BACKGROUND OF THE INVENTION 1. Field of the Invention The present invention relates to a molding terminal connecting method for extruding a molding on a peripheral portion of a panel such as a window glass of an automobile.

[0002]

2. Description of the Related Art For example, a windshield made of a synthetic resin or rubber has a fixed cross section around the periphery of the windshield for the purpose of fixing the windshield of an automobile airtightly to a vehicle body and improving the appearance. It is mounted in a frame shape. Since this molding usually has a constant cross section, it is convenient to form the molding by extrusion. Conventionally, therefore, it has been common practice to first apply an adhesive to the peripheral portion of the front window glass, attach a molding formed in a straight line by extrusion to the front window glass, and bond and fix it. However, at the corners of the front window glass, since the molding is bent at a substantially right angle, there is a problem that the molding is wrinkled or lifted and the appearance is impaired. There is also a problem that the number of steps of the work of mounting while bending is large.

[0003] In order to avoid such a problem,
For example, Japanese Patent Application Laid-Open No. 63-15726 discloses a method in which a panel is disposed in a pair of molds and a frame is integrally formed on a peripheral portion by injection molding. However, if the material of the panel is glass or the like, the panel may be damaged by the pressure generated by clamping the pair of dies. Japanese Patent Application Laid-Open No. Hei 4-261822 discloses that a molding space corresponding to the cross-sectional shape of a frame (mall) is formed by inserting a part of a peripheral portion of a panel into a die of an extrusion die and inserting the die into the die. A method is disclosed in which a molding is formed by relatively moving a die along a peripheral edge while extruding a molding material.

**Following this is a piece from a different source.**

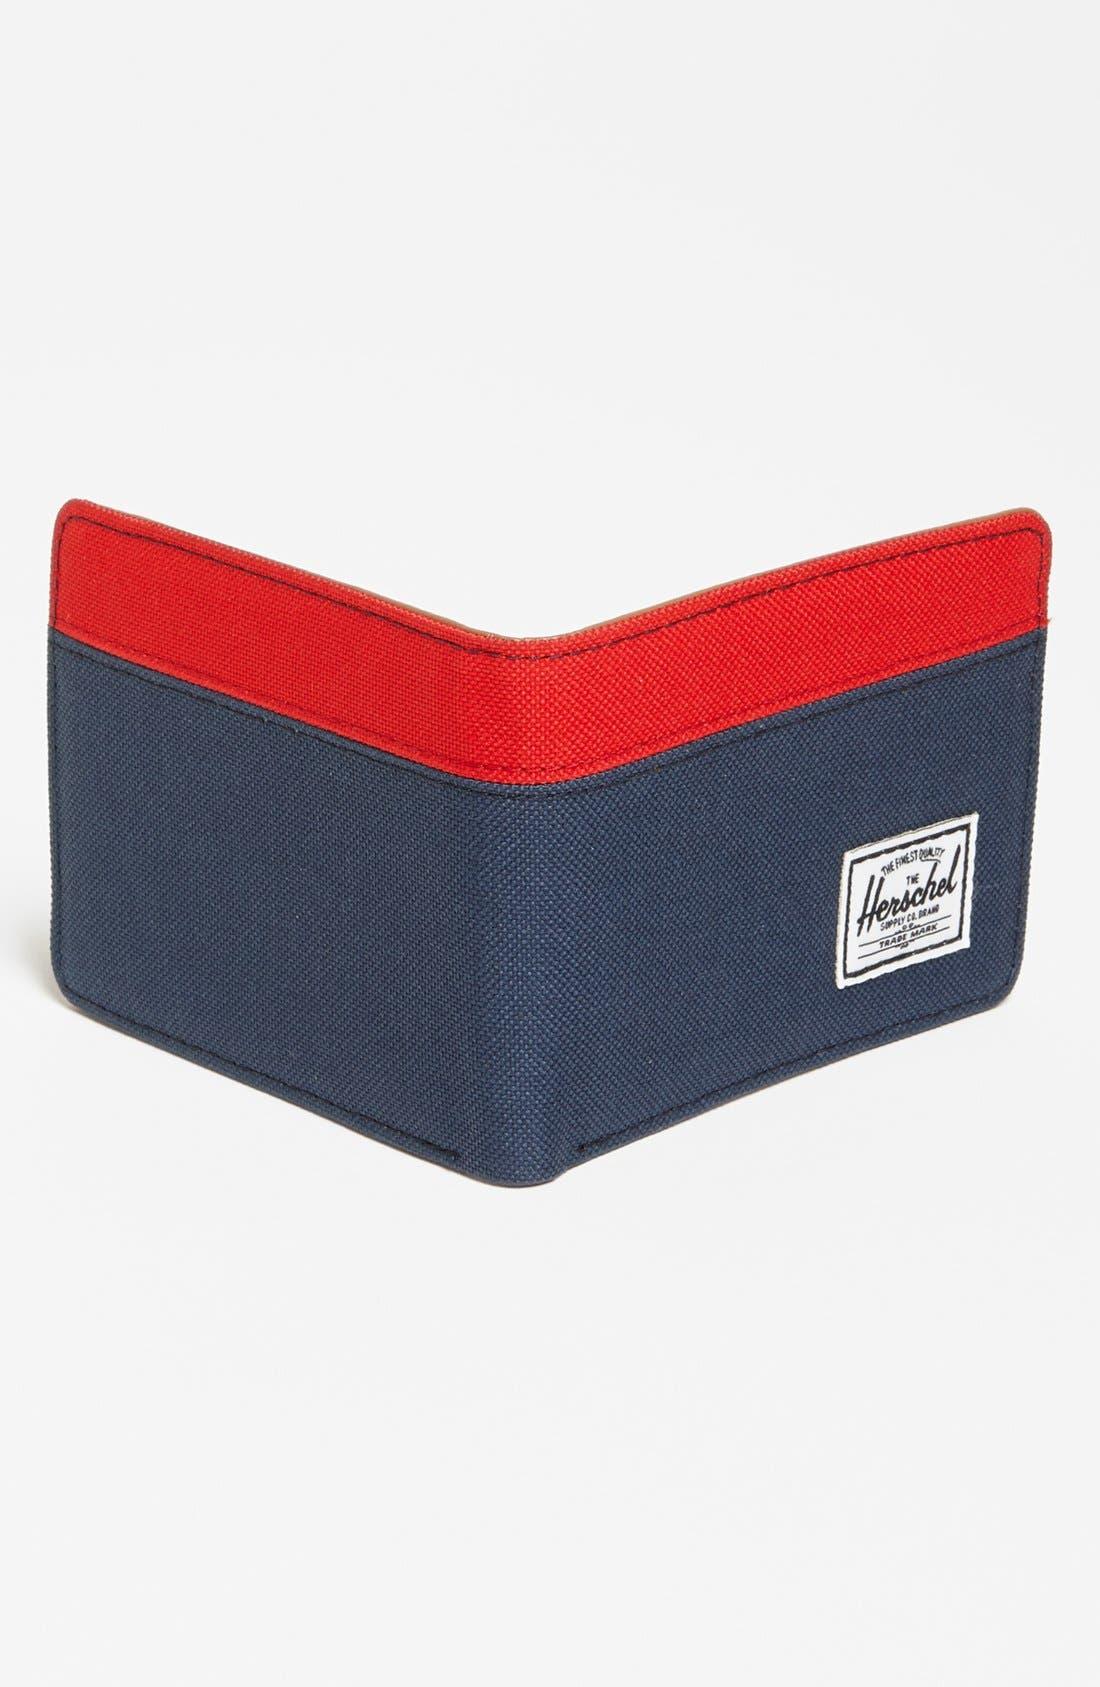 Alternate Image 3  - Herschel Supply Co. 'Hank' Bifold Wallet

According to the method disclosed in Japanese Patent Application Laid-Open No. Hei 4-261822, the work of mounting the molding along the peripheral edge of the panel becomes unnecessary, and the number of steps is reduced. The appearance is improved without wrinkles or lifting of the body. In addition, it is possible to solve the problem of panel damage due to mold clamping. By the way, in the case of extrusion molding, continuous extrusion molding pressure is obtained by continuous supply of molding material. Therefore, there is no problem during the molding, but the molding material is too small or too large at the start of molding and at the end of molding, and it is difficult to mold into a predetermined cross section. In particular, in the method disclosed in the above-mentioned Japanese Patent Application Laid-Open No. 4-261822, a molding space is formed between the base and the panel. Therefore, the initial stage of molding after inserting the panel into the base and the base from the panel are removed. In the latter half of the molding, there is a problem that the cross-sectional shape of the molded body becomes indefinite.

[0005] Therefore, in the method disclosed in the above publication, both ends of the molded molding are cut off after extrusion molding, and a separately formed piece is adhered to a gap formed thereby, or the gap is molded. It was necessary to connect both terminals by placing them inside and performing injection molding to complete a molding that goes around the panel.

[0006]

However, in the method of retrofitting another piece, a gap is formed between the end face of the formed extruded molding and the end face of the another piece bonded, and a defect in the sealing function and appearance is caused. appear. In addition, in the injection molding method, although there is no gap between the extrusion molding 100 and the injection molding 101, an extra resin is required for the runner portion 102 and the gate portion 103 as shown in FIG.
A step of cutting off that part after molding is required. In addition, since a slide core or the like must be used for an inevitable undercut from the molding shape, the mold structure becomes complicated, the mold clamping pressure is high, the glass 200 is broken, and burrs occur due to high injection pressure. There is also a defect.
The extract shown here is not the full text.